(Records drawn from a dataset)
^^^^^^^^^^^^^^^^

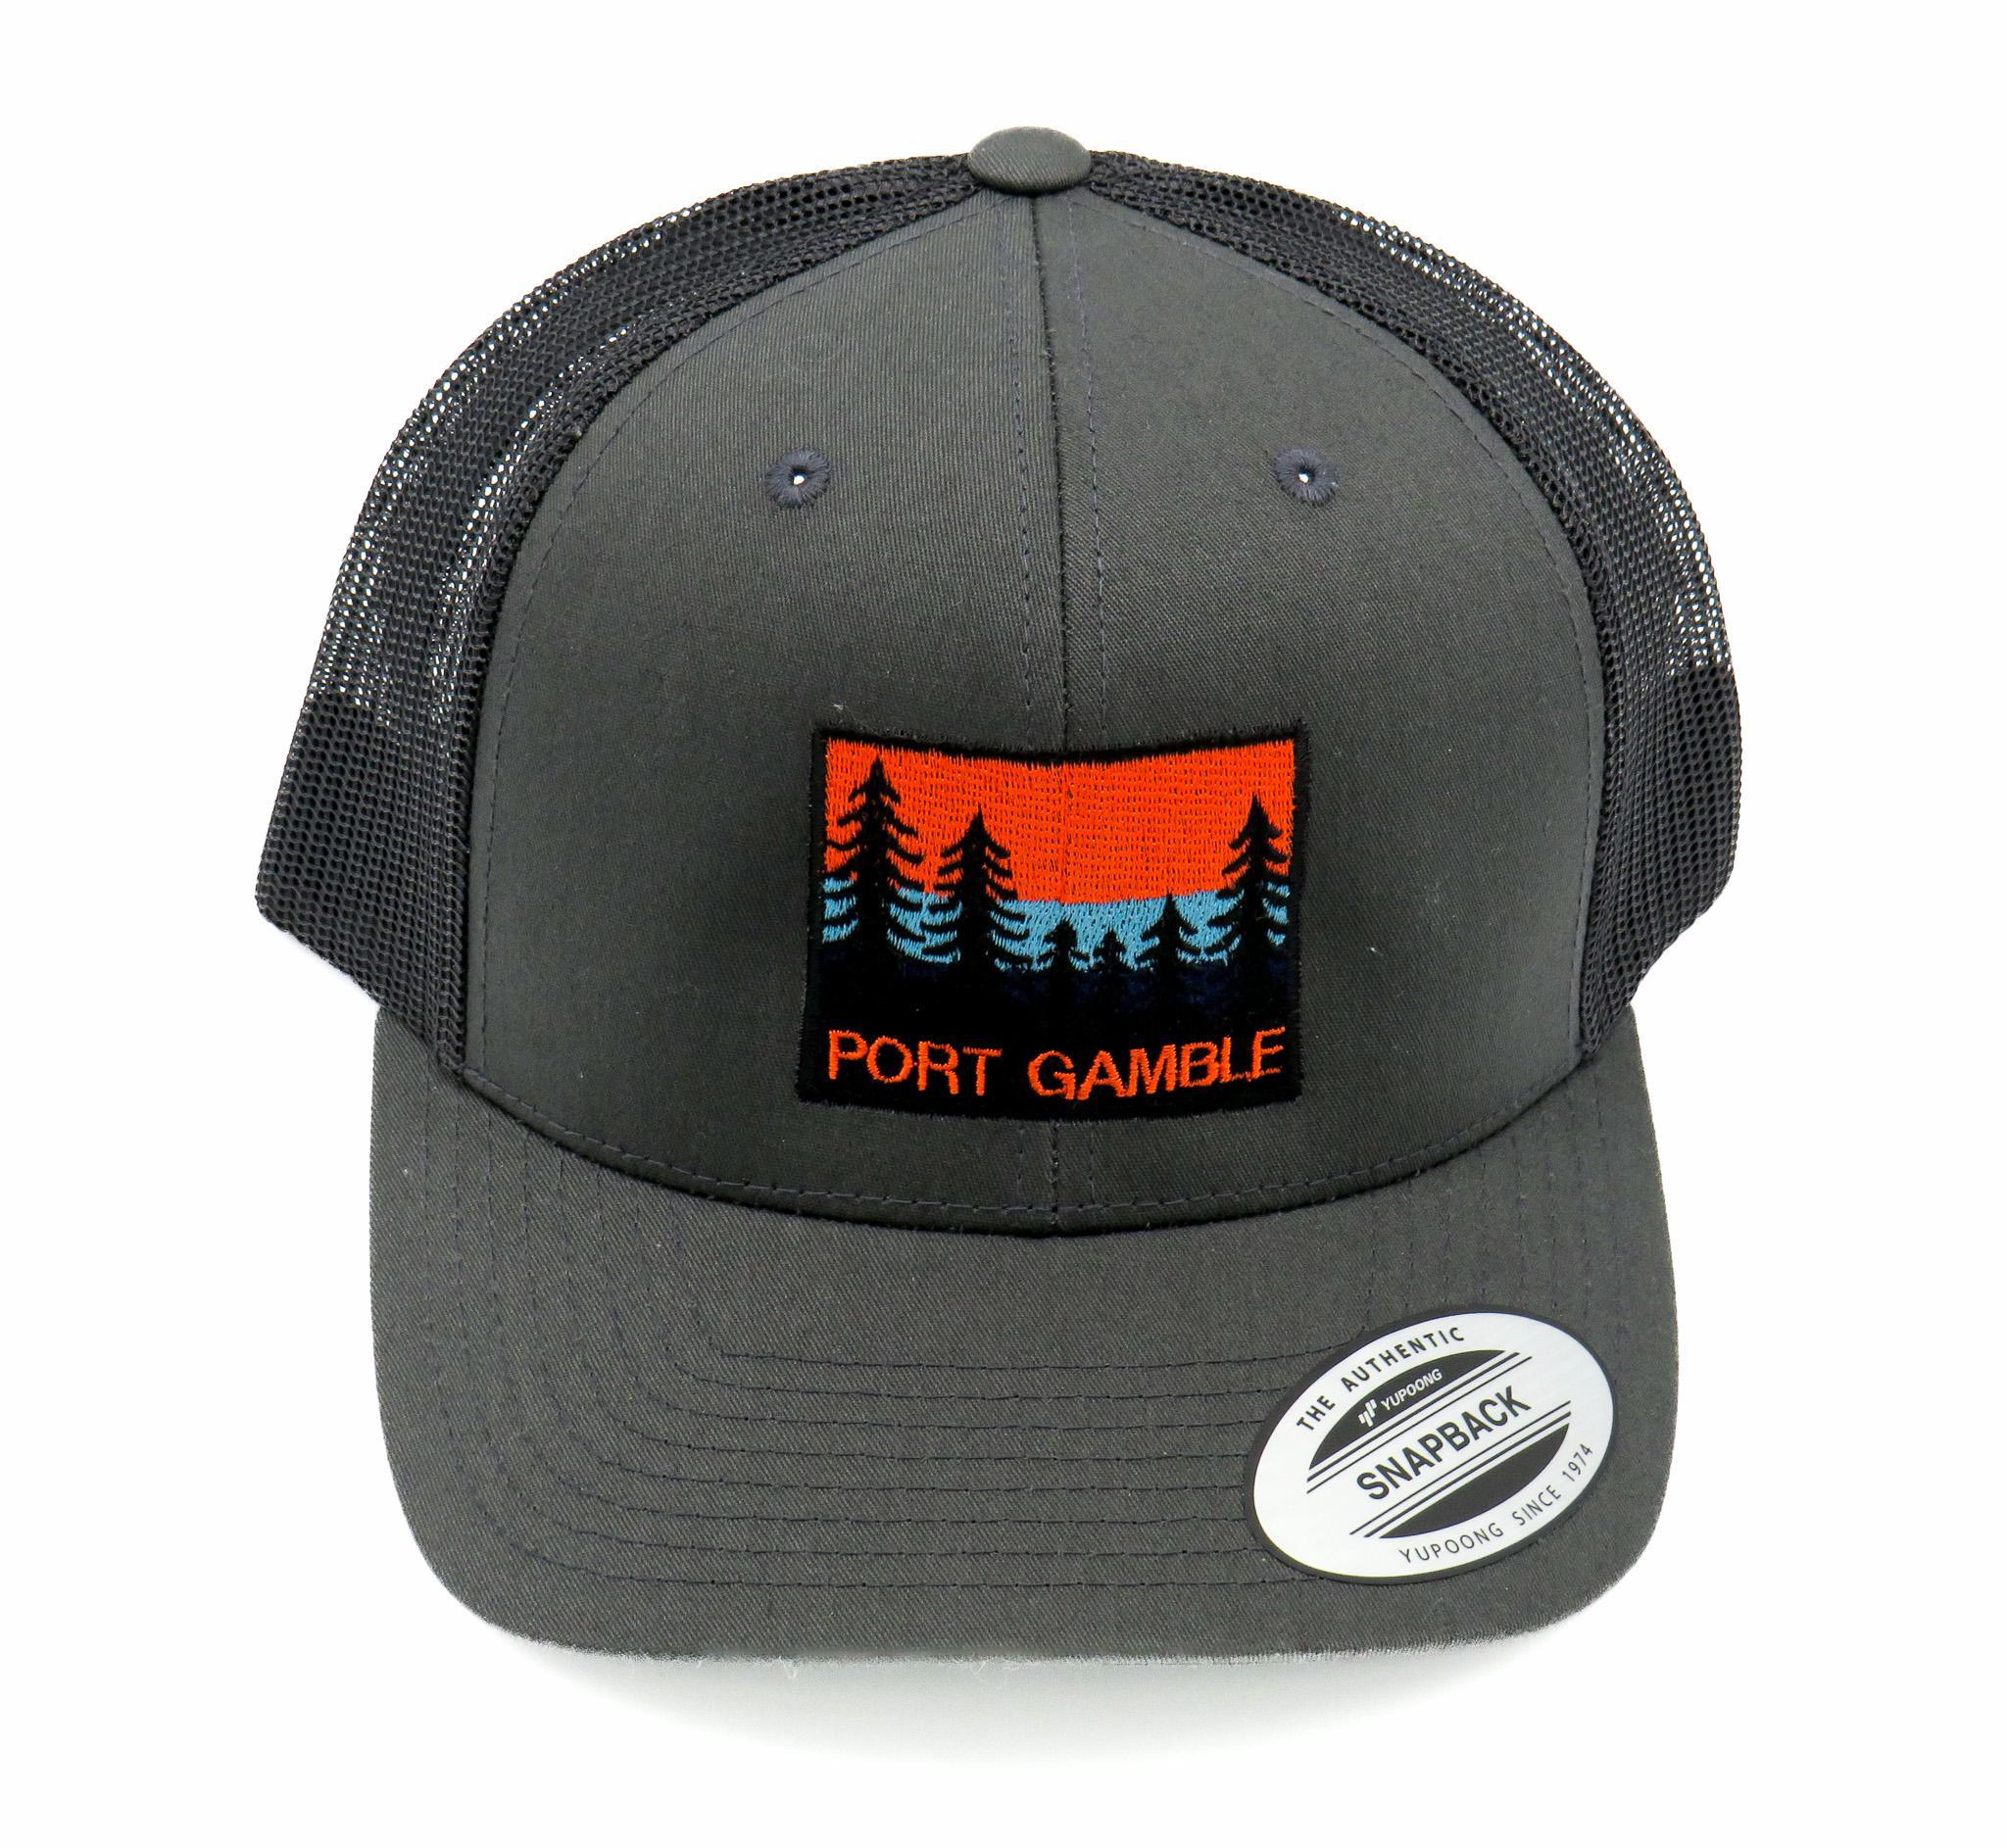 a Cap in charcoal color and colorful patch with trees and a beautiful sky backdrop, with "PORT GAMBLE" caption 
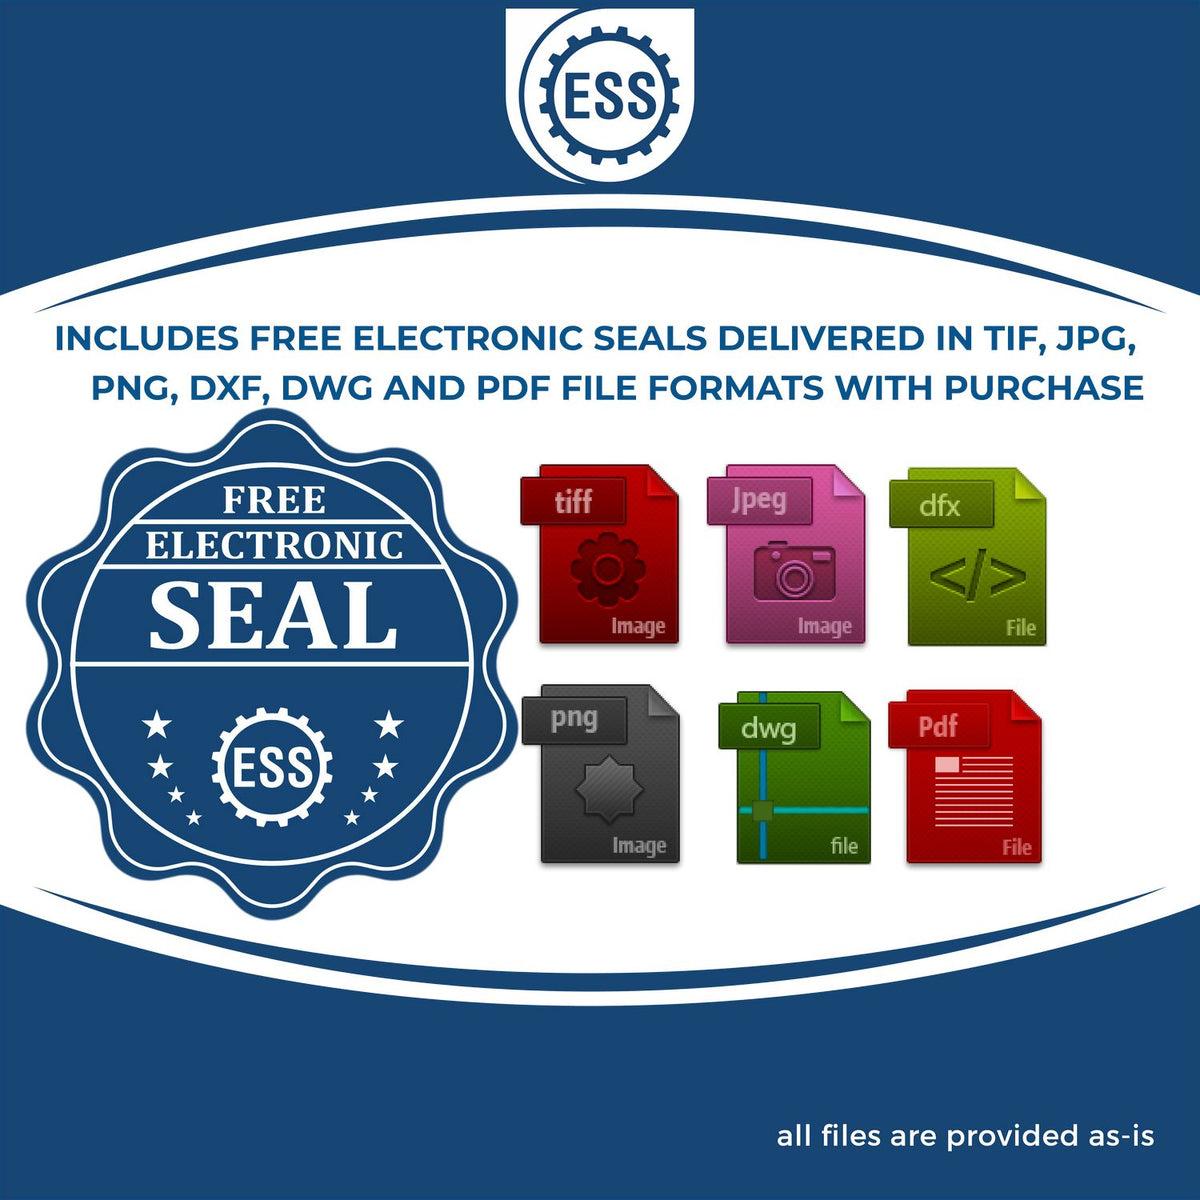 An infographic for the free electronic seal for the State of Tennessee Extended Long Reach Geologist Seal illustrating the different file type icons such as DXF, DWG, TIF, JPG and PNG.
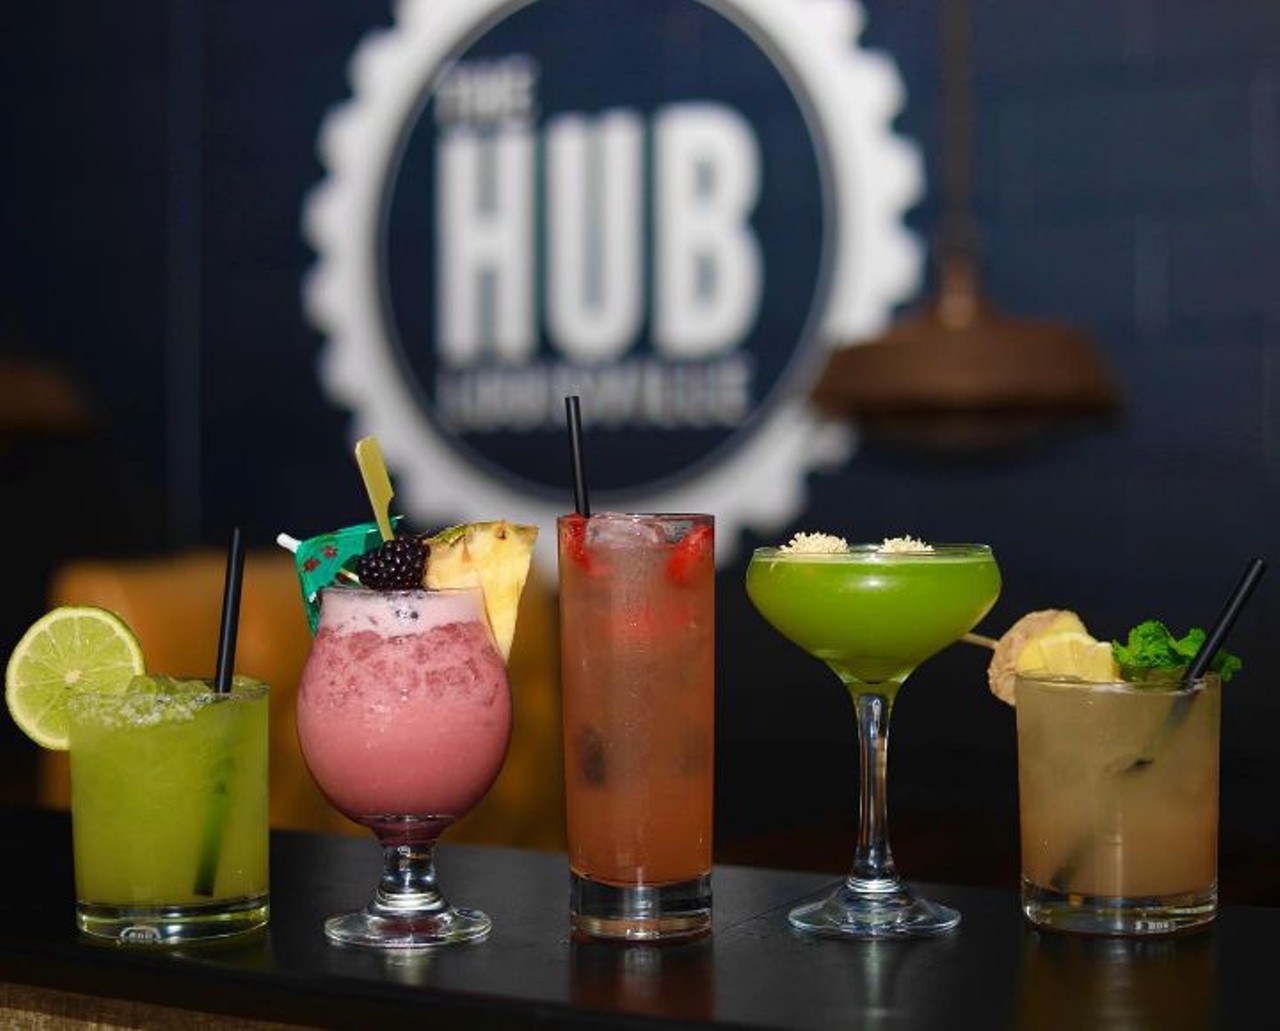 The Hub
2235 Frankfort Ave. 
Food, Drinks and Fun are the order at The Hub. Come for the drink, stay for the dancing.Photo via The Hub
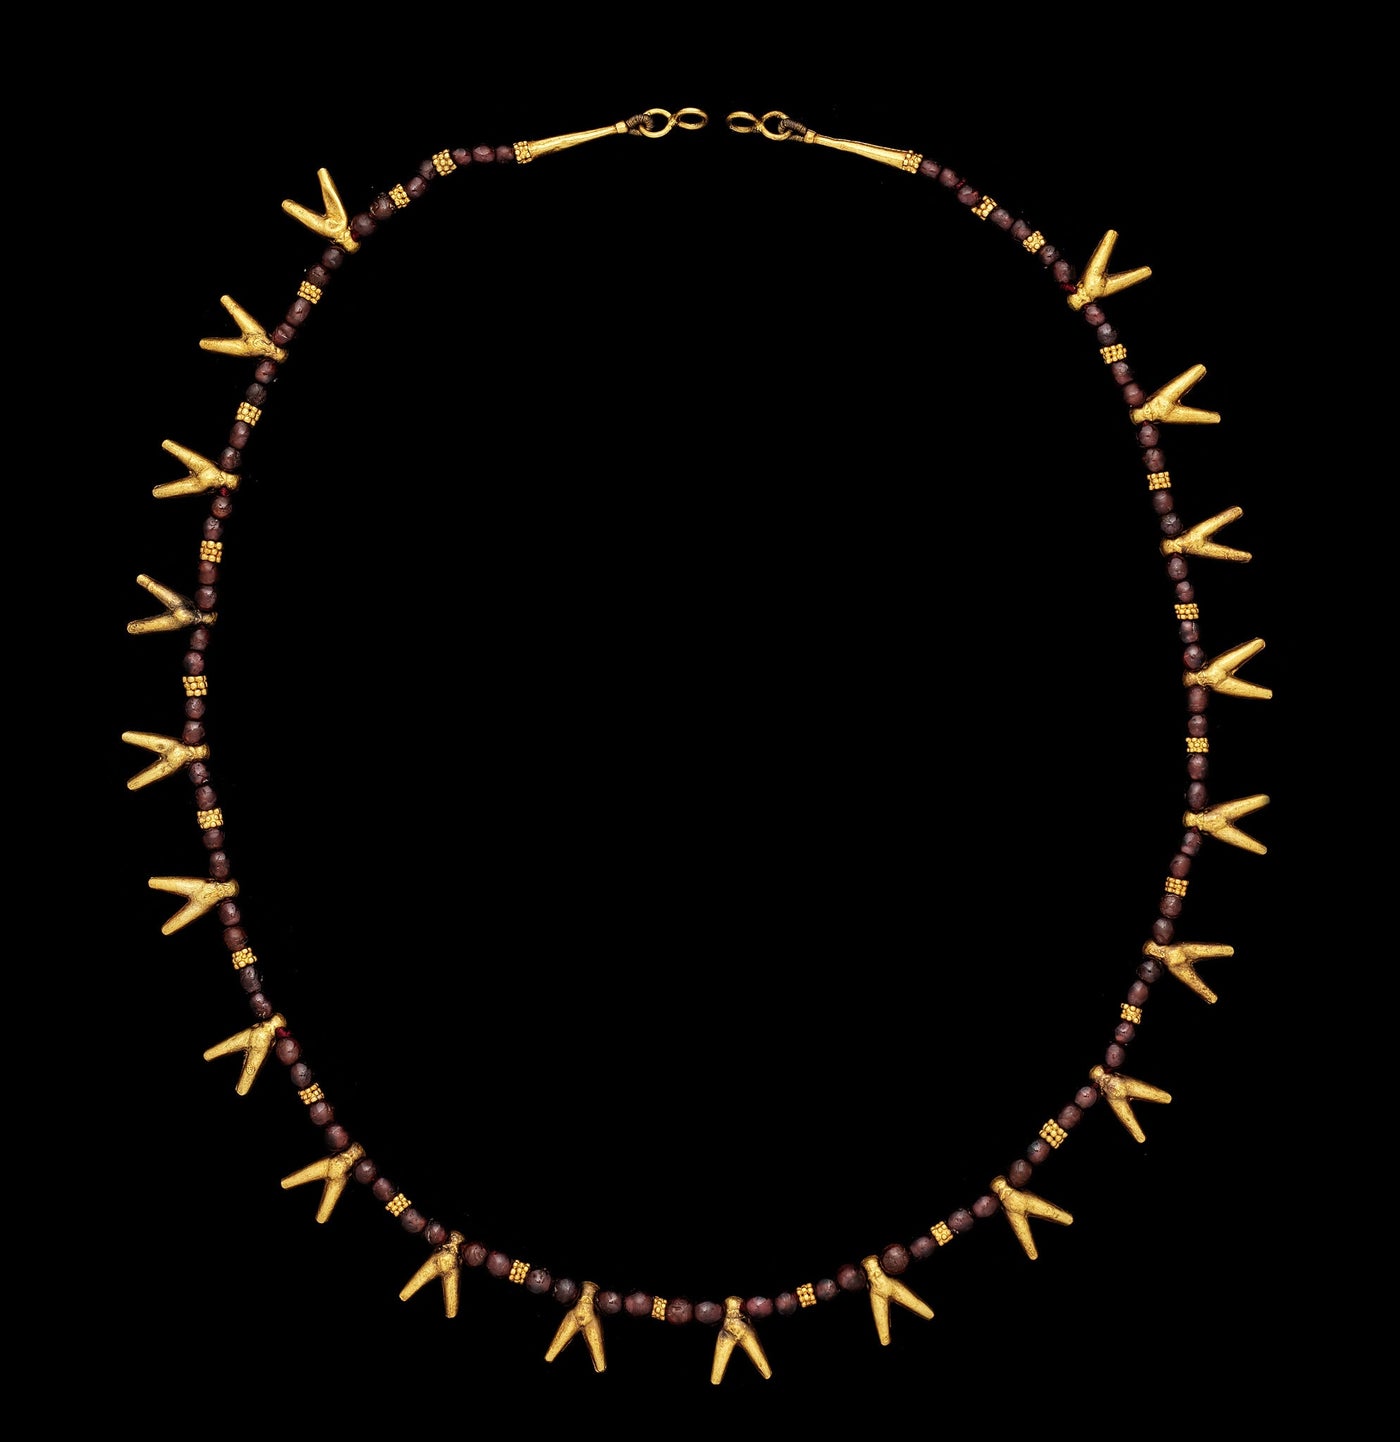 An Egyptian necklace with components circa 1550 to 1350 B.C.

^^^^^^^^^^^^^^^^

» **WHAT THIS TASK INVOLVES**: Start at the line holding "Food, Drinks and" and stop at the last line of the entries above. Repeat those lines exactly, pictures excluded.

» **TASK OUTPUT**:
Food, Drinks and Fun are the order at The Hub. Come for the drink, stay for the dancing.Photo via The Hub
 An Egyptian necklace with components circa 1550 to 1350 B.C.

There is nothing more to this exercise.